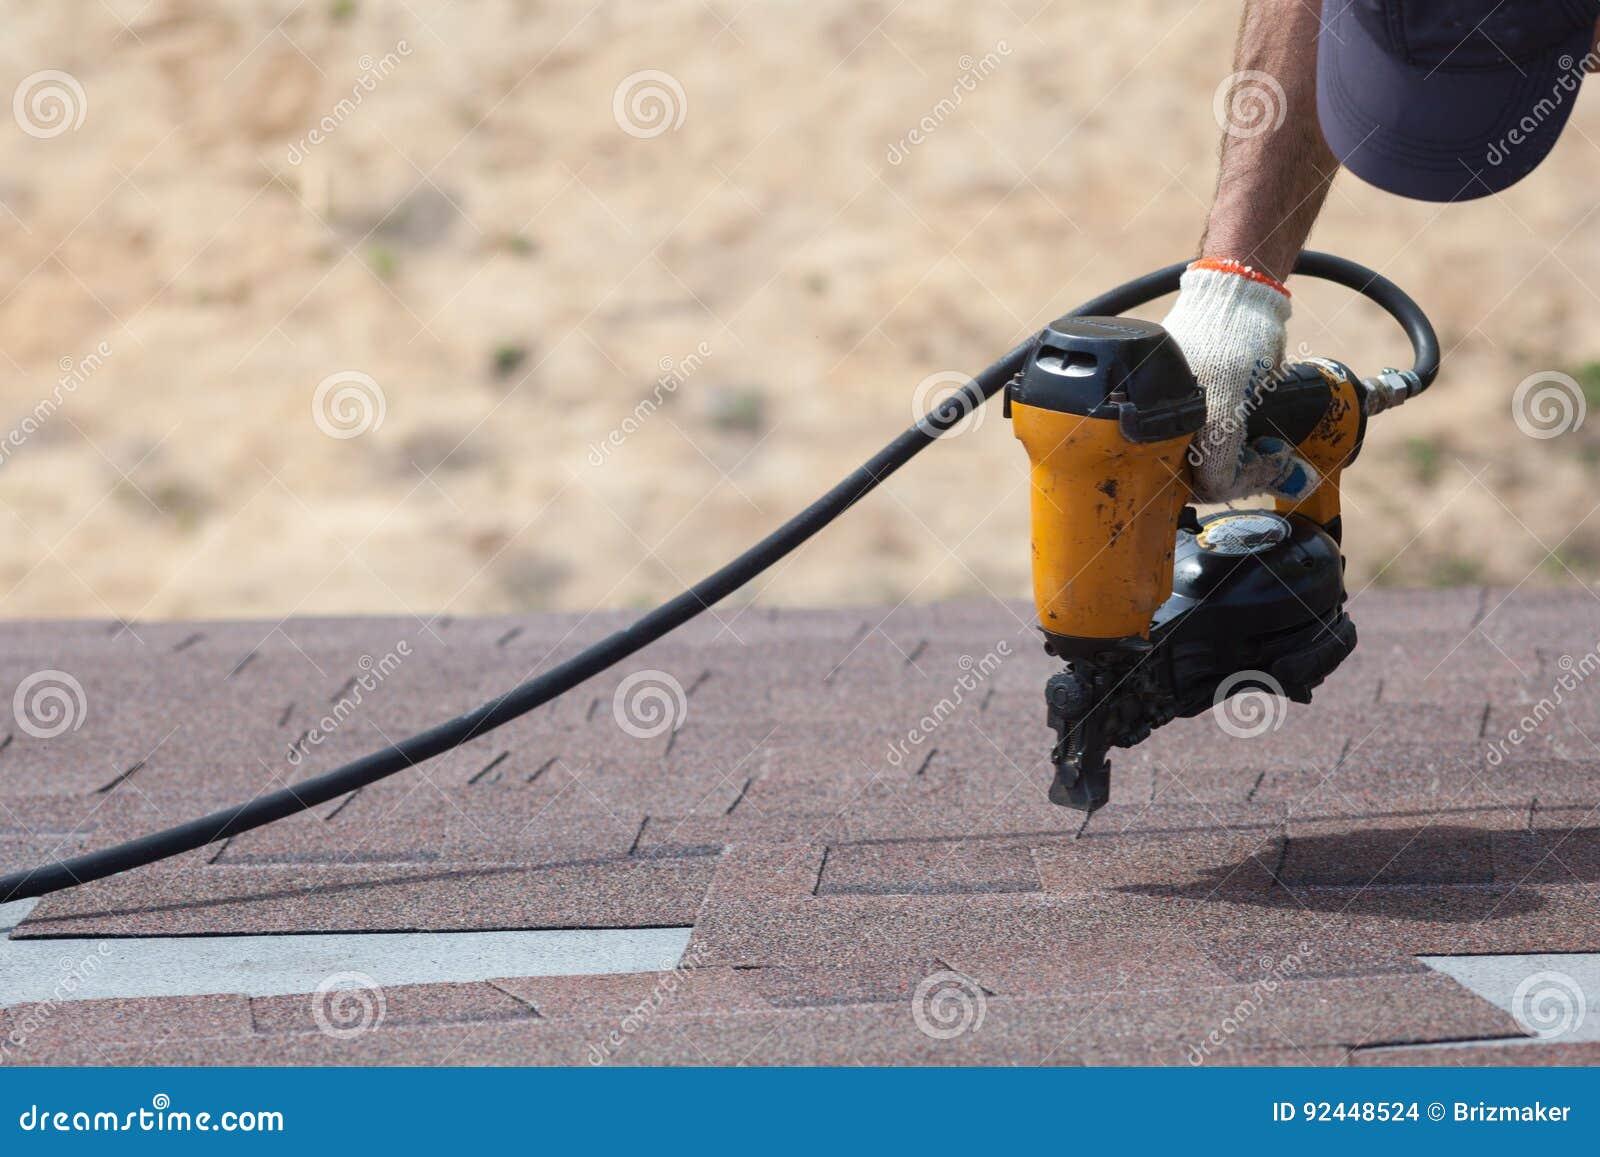 Roofer builder worker with nailgun installing Asphalt Shingles or Bitumen Tiles on a new house under construction.
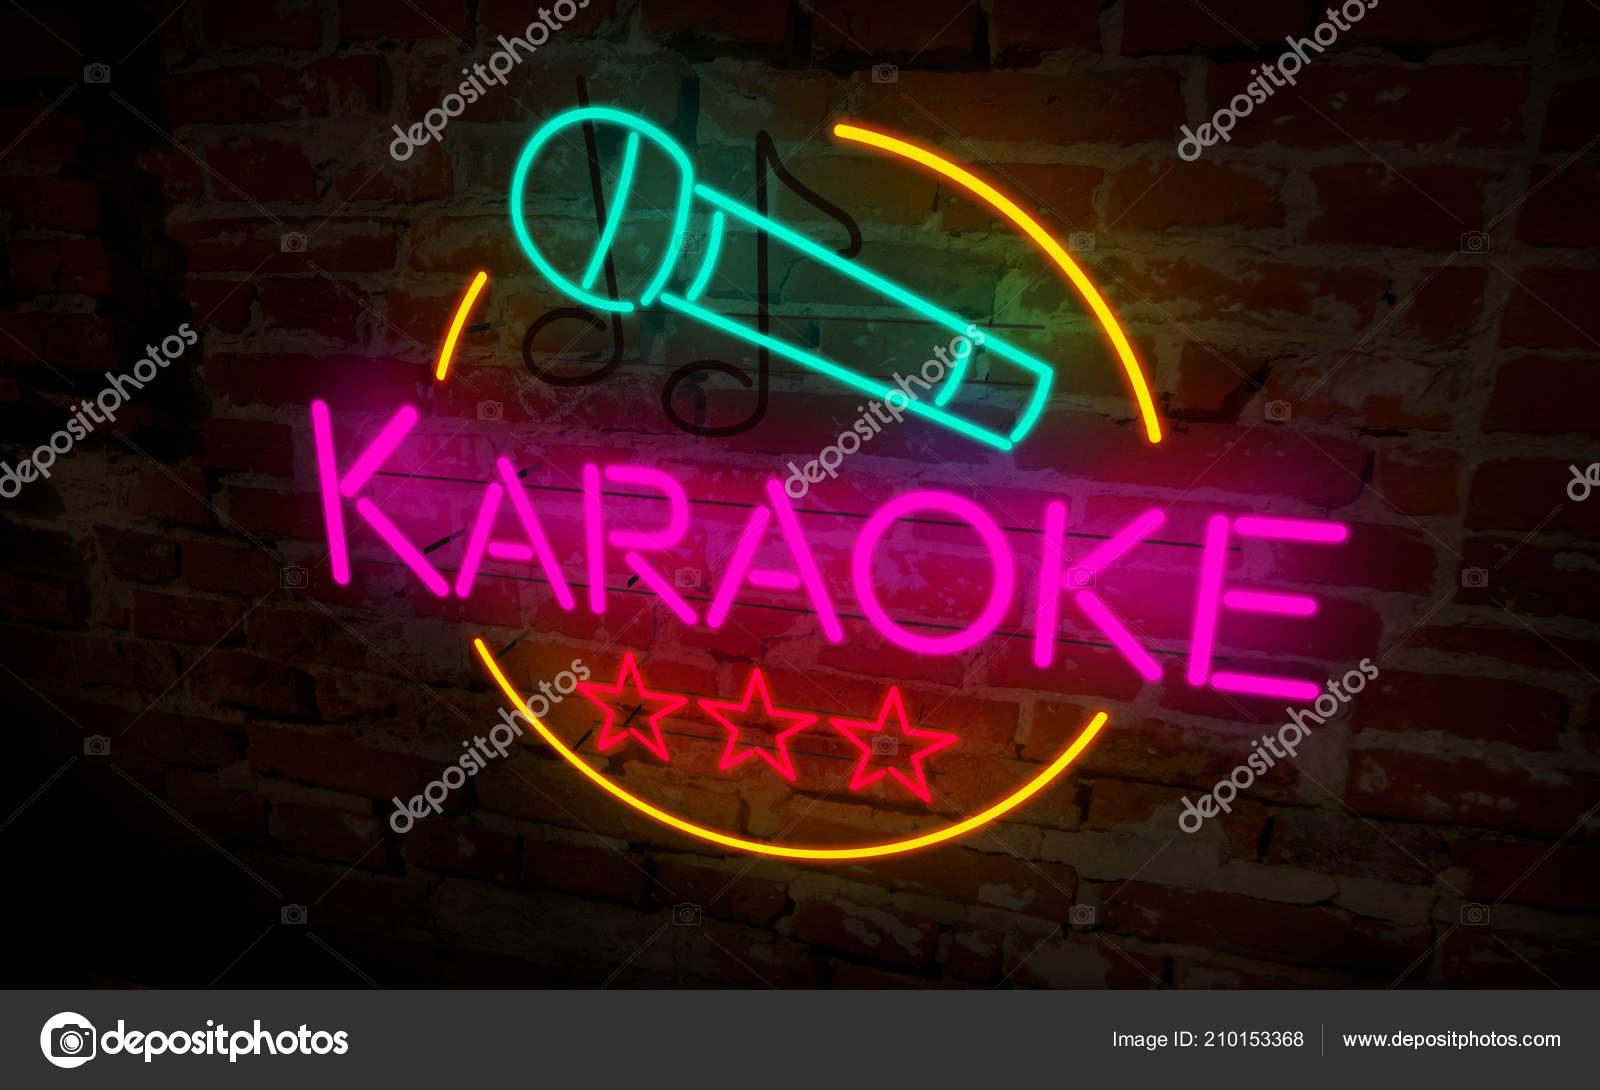 Bekannt Karaoke Club Neonlampe Auf Ziegel Wand Retro Leichte Schriftzug RF73
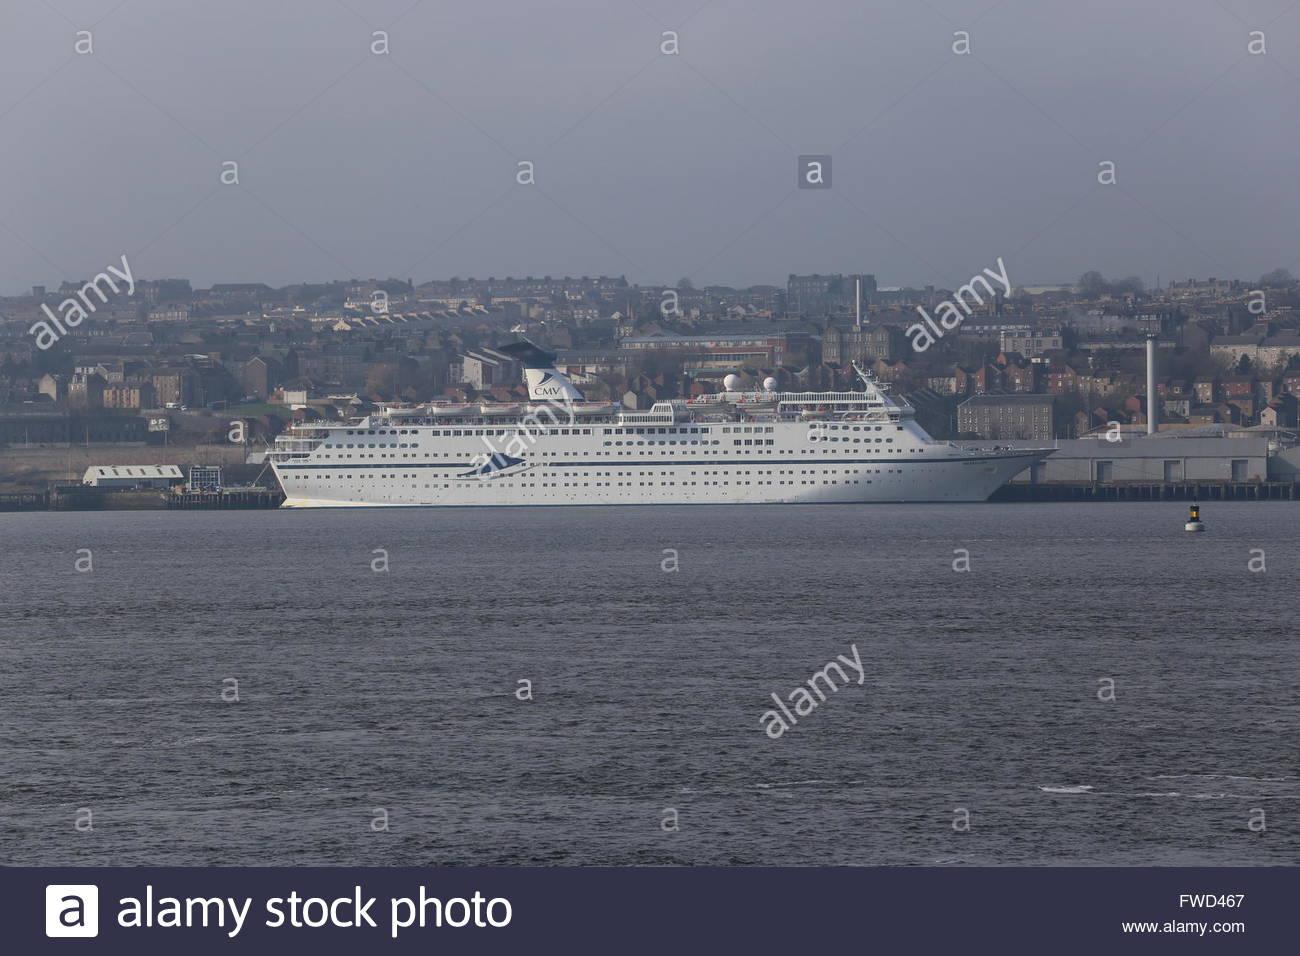 CMV cruise ship Magellan docked in Dundee Scotland  3rd April 2016 Stock Photo
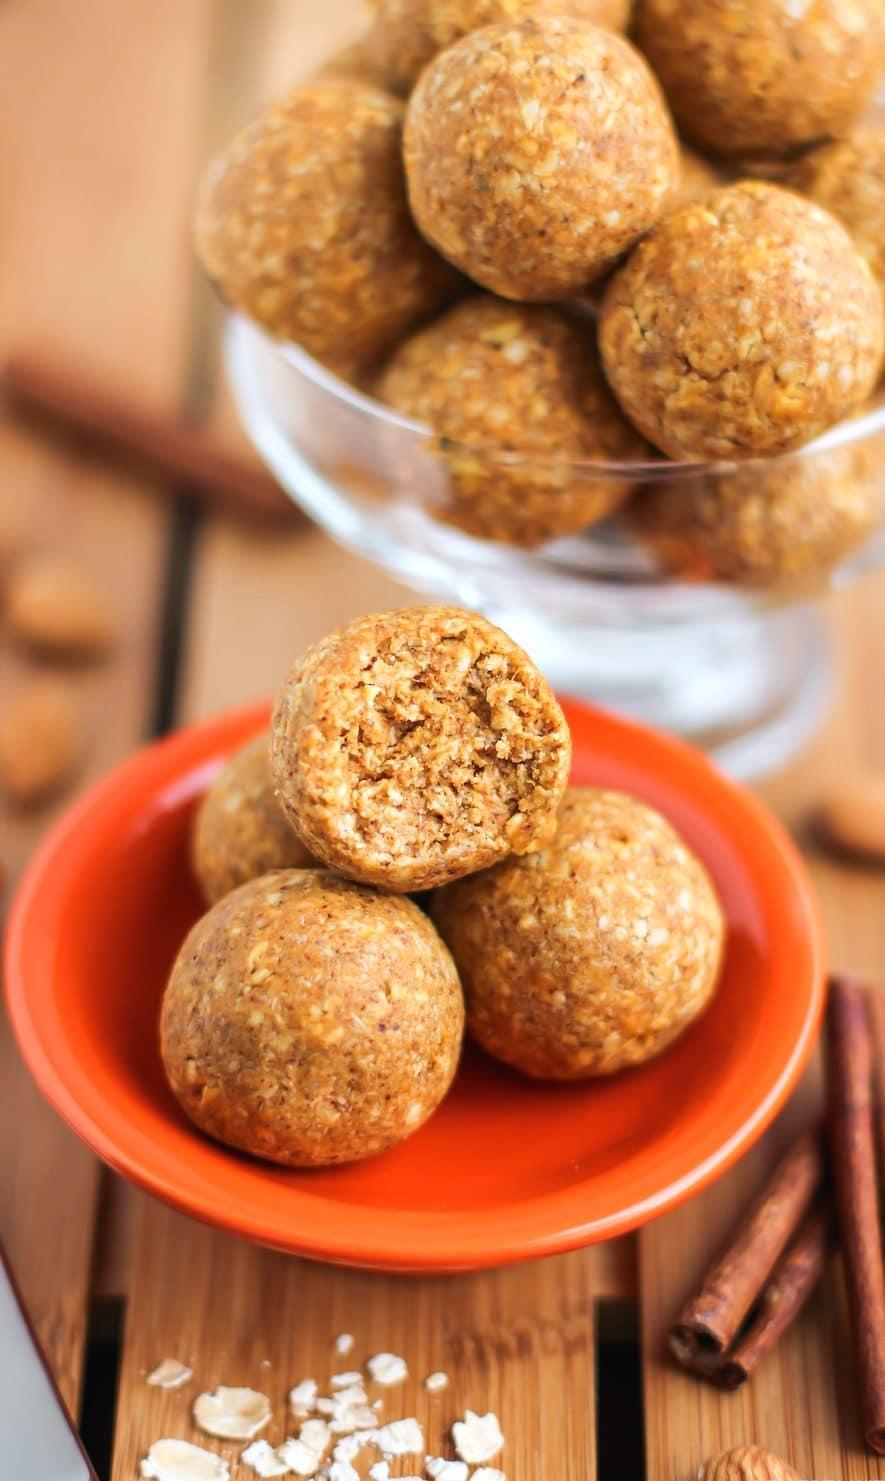 Healthy Pumpkin Pie Energy Bites (no bake, refined sugar free, gluten free, dairy free, vegan) - Desserts with Benefits
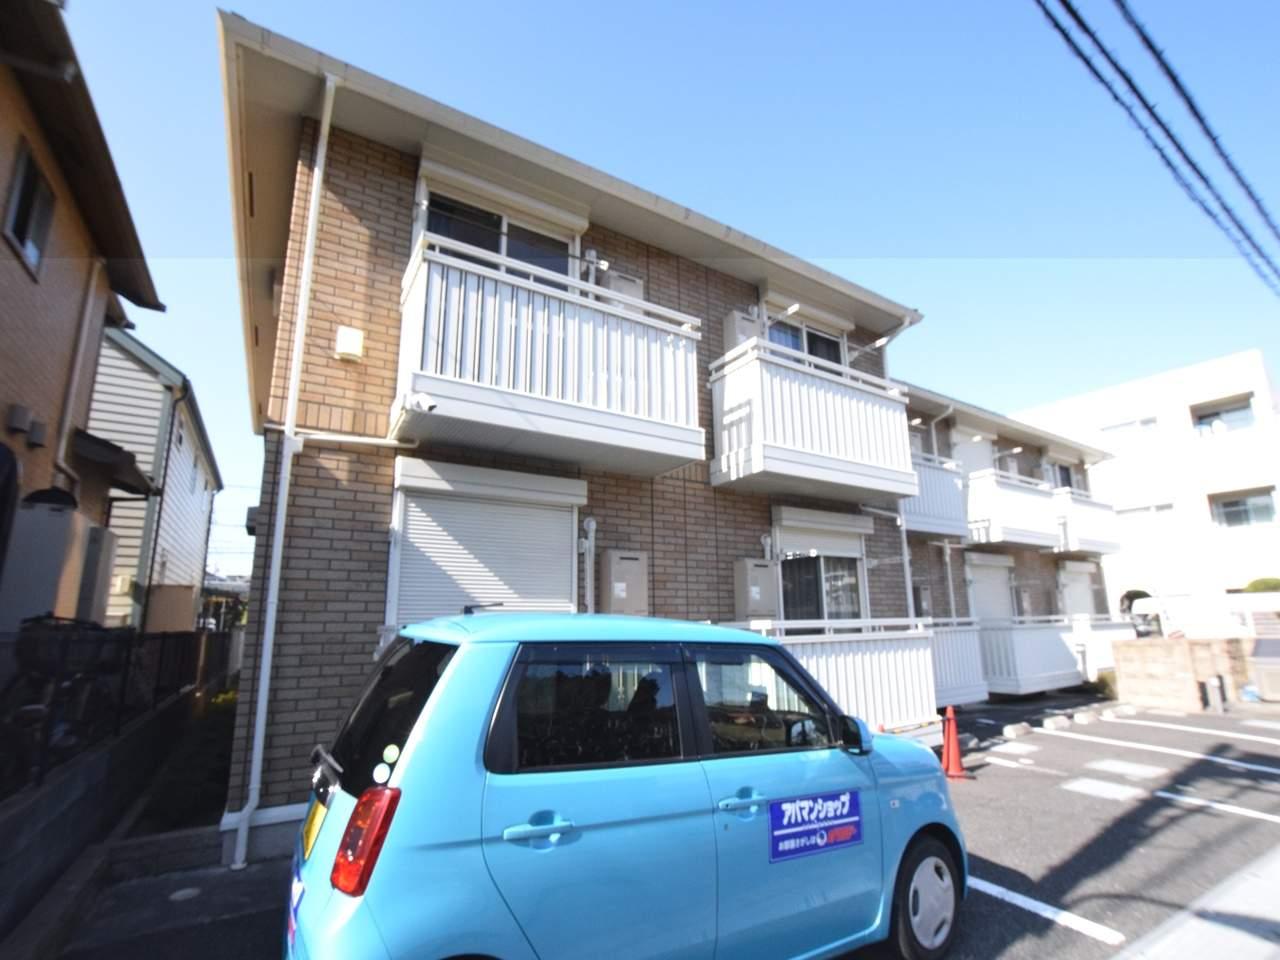 東京都八王子市、八王子みなみ野駅徒歩8分の築8年 2階建の賃貸アパート
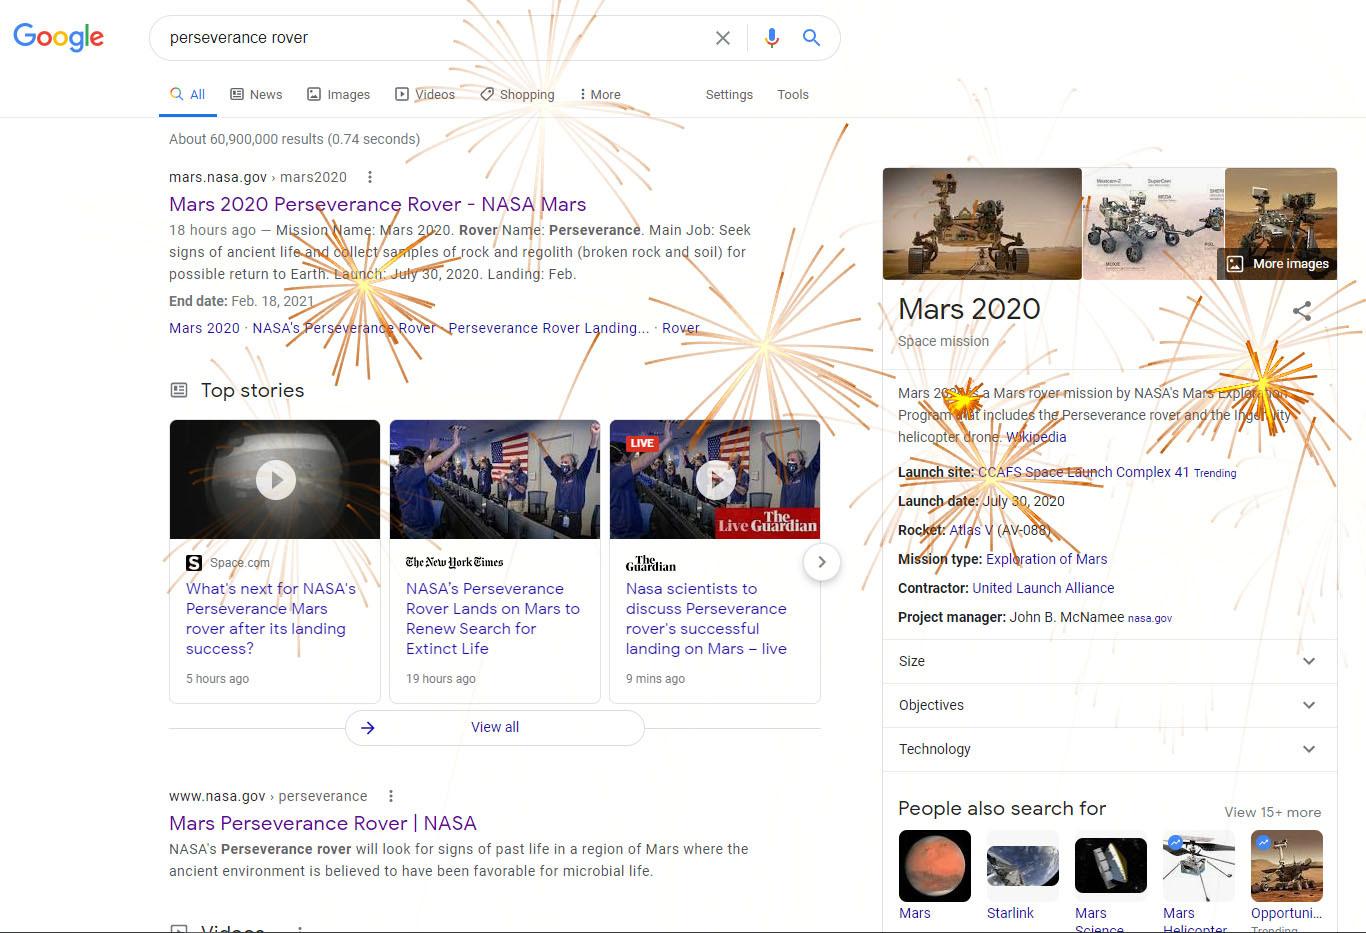 Des feux d'artifice rouges tachent la page lorsque vous Google

================================

The required output is the line containing "CMV cruise ship" plus every line after it to the end of the data, copied exactly and with no pictures.

> Task output
 CMV cruise ship Magellan docked in Dundee Scotland  3rd April 2016 Stock Photo
 Healthy Pumpkin Pie Energy Bites (no bake, refined sugar free, gluten free, dairy free, vegan) - Desserts with Benefits
 東京都八王子市、八王子みなみ野駅徒歩8分の築8年 2階建の賃貸アパート
 Des feux d'artifice rouges tachent la page lorsque vous Google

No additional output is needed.